A second Church-instigated challenge to medical ethics has arisen as a result of a grass roots protest by anti-abortion organizations in Pennsylvania against the well-regarded St. Mary’s Medical Center of Langhorne. In this case, Dr. Stephen Smith of St. Mary’s performed an ultrasound on an expecting mother and confirmed that the fetus had polycystic kidney disease, a fatal condition in infants. Smith recommended an abortion. When the pregnant women sought a second opinion, a midwife at Mother Bachman Maternity Center in nearby Bensalem, operated by the St. Mary’s, also recommended termination. The mother refused, which was certainly her prerogative, and the infant died two hours after birth. When local abortion opponents publicized Smith’s advice, a private citizen named Joseph Trevington demanded a formal review of St. Mary’s by the local archdiocese. The results of this ethics investigation are not yet publicly known, and may never be revealed, although a diocese spokesman stated that changes in the hospital policies are to be expected.

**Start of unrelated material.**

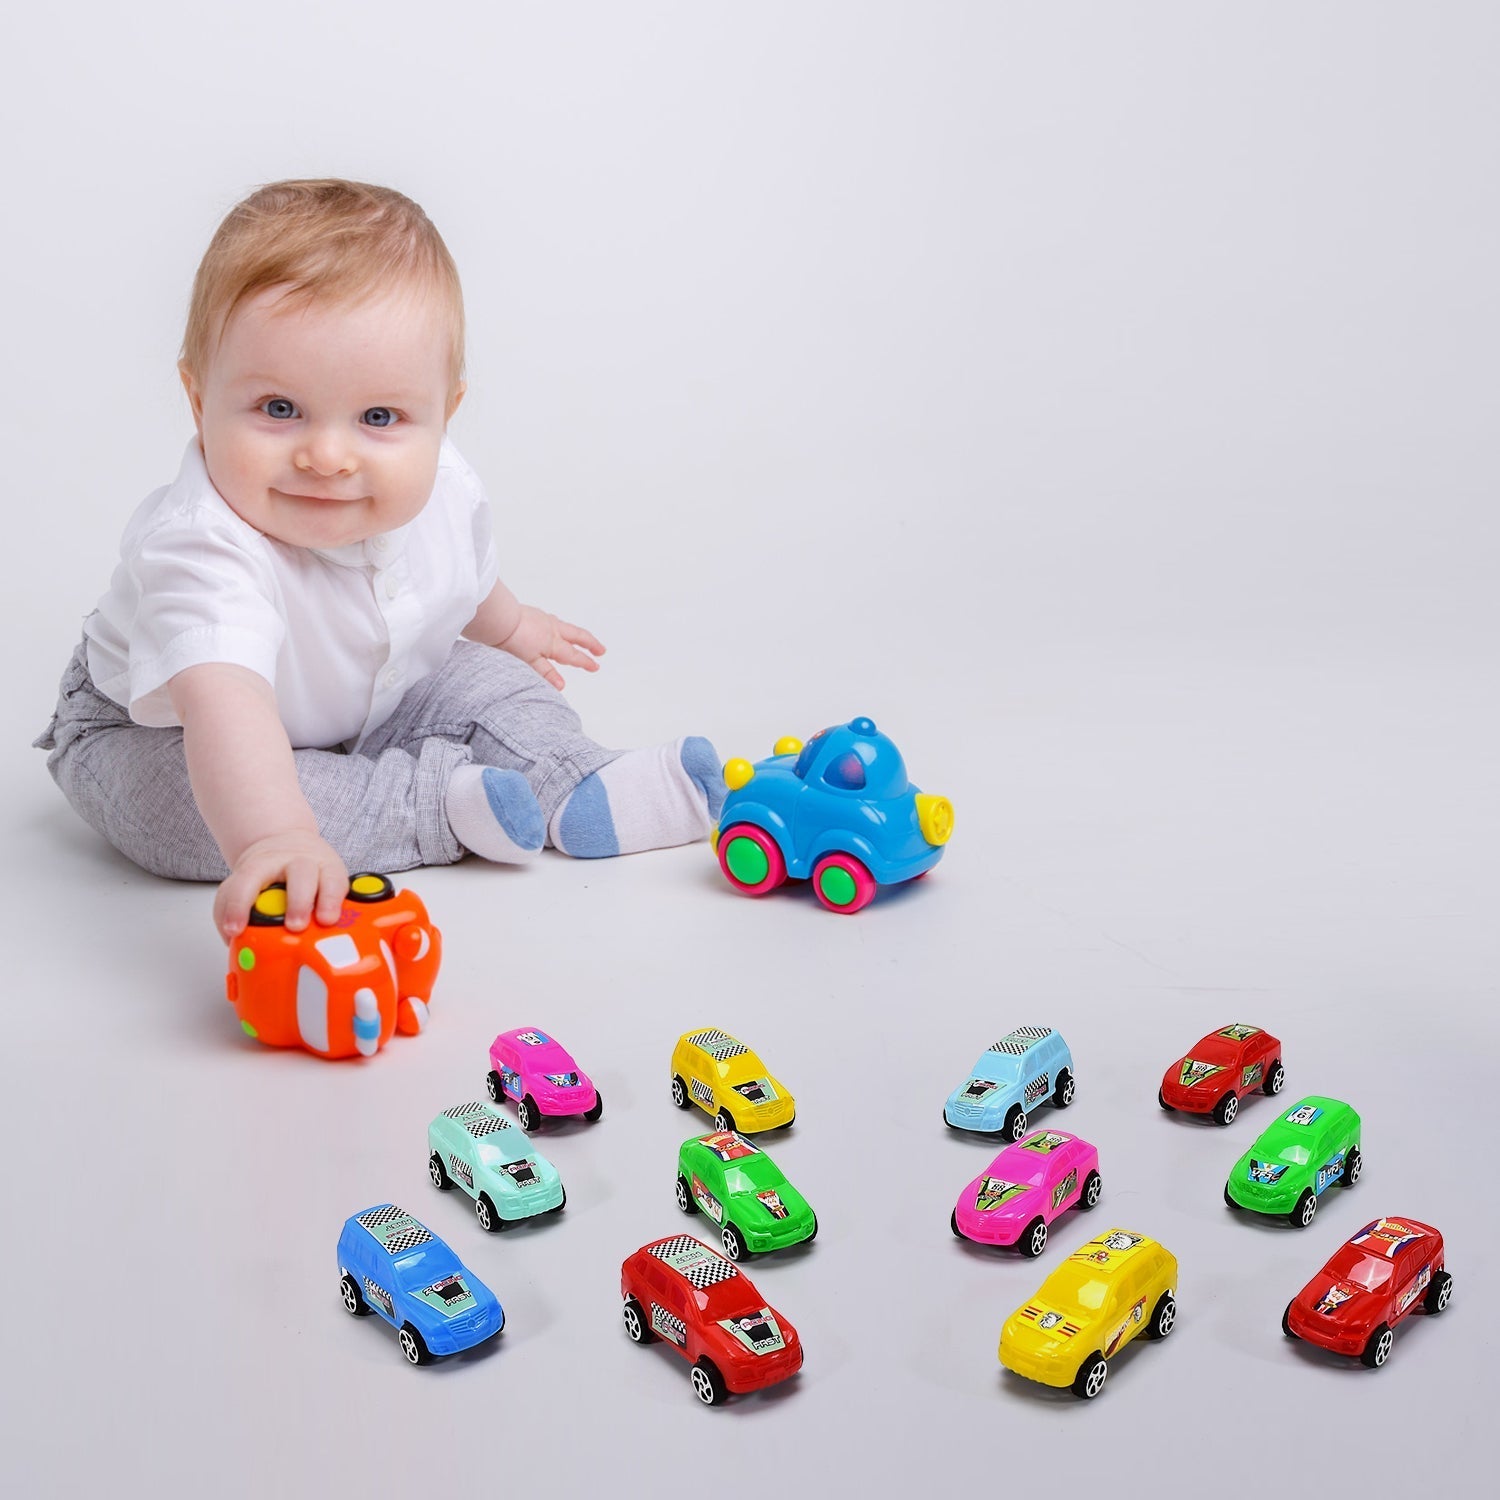 4453 Super City Car Racer Toy For Boys and Girls Pull Push Vehicle Car (Set Of 12Pcs)  (Multicolor)

The very decision to conduct such a moral audit displays a chilling new direction in Church practice. As a matter of doctrine, Catholic hospitals require employees to “respect and uphold the religious mission” of their institutions as “a condition for medical privileges and employment.” So, in theory, any physician endorsing abortion (or vasectomies, birth control, withdrawal of life support, etc.) while on the hospital premises should be relieved of his duties. As a matter of Catholic doctrine, Trevington and his anti-abortion brethren appear to have the better half of the theological argument, at least when it comes to consistency and the letter of the law. At the same time, allowing Church dogma to dictate the medical practices of physicians clearly violates the most basic tenets of healthcare ethics. Dr. Smith had a duty to offer advice to his patient based upon his best independent professional judgment–which he apparently did. The Hobson’s choice that he faced–either to follow the Catholic “law” enshrined as policy or to adhere to medical obligation–was unreasonable and unacceptable.

Both of these events expose the dark and unspoken (although widely understood) secret that enables Catholic hospitals to practice first-class medicine: Official Church policy on matters such as contraception and end-of-life care, like much Catholic doctrine more generally, is largely honored only in the breach. I have known many excellent physicians over the years, both religious and secular, who work at Church-run hospitals. All of them advise women taking medications that cause birth defects to use contraception and tell HIV-infected patients to use condoms. Many offer direct counseling on abortion, certainly when fetal prognosis is grim. I cannot imagine any of these gifted doctors would force-feed an unwilling cancer patient in violation of an advance directive or a health care proxy’s wishes. Much like the absurd loyalty oath that New York’s college professors–myself included–take to uphold the state’s constitution, any pledge to support Catholic doctrine on medical matters is broadly viewed as a formality to be agreed to and then summarily ignored. Historically, the Church has looked the other way. Now, by challenging this longstanding system of benign neglect, bishops and grass roots zealots may believe they will achieve ideological purity. What they are actually doing is jeopardizing both the welfare of Catholic hospitals and the public health.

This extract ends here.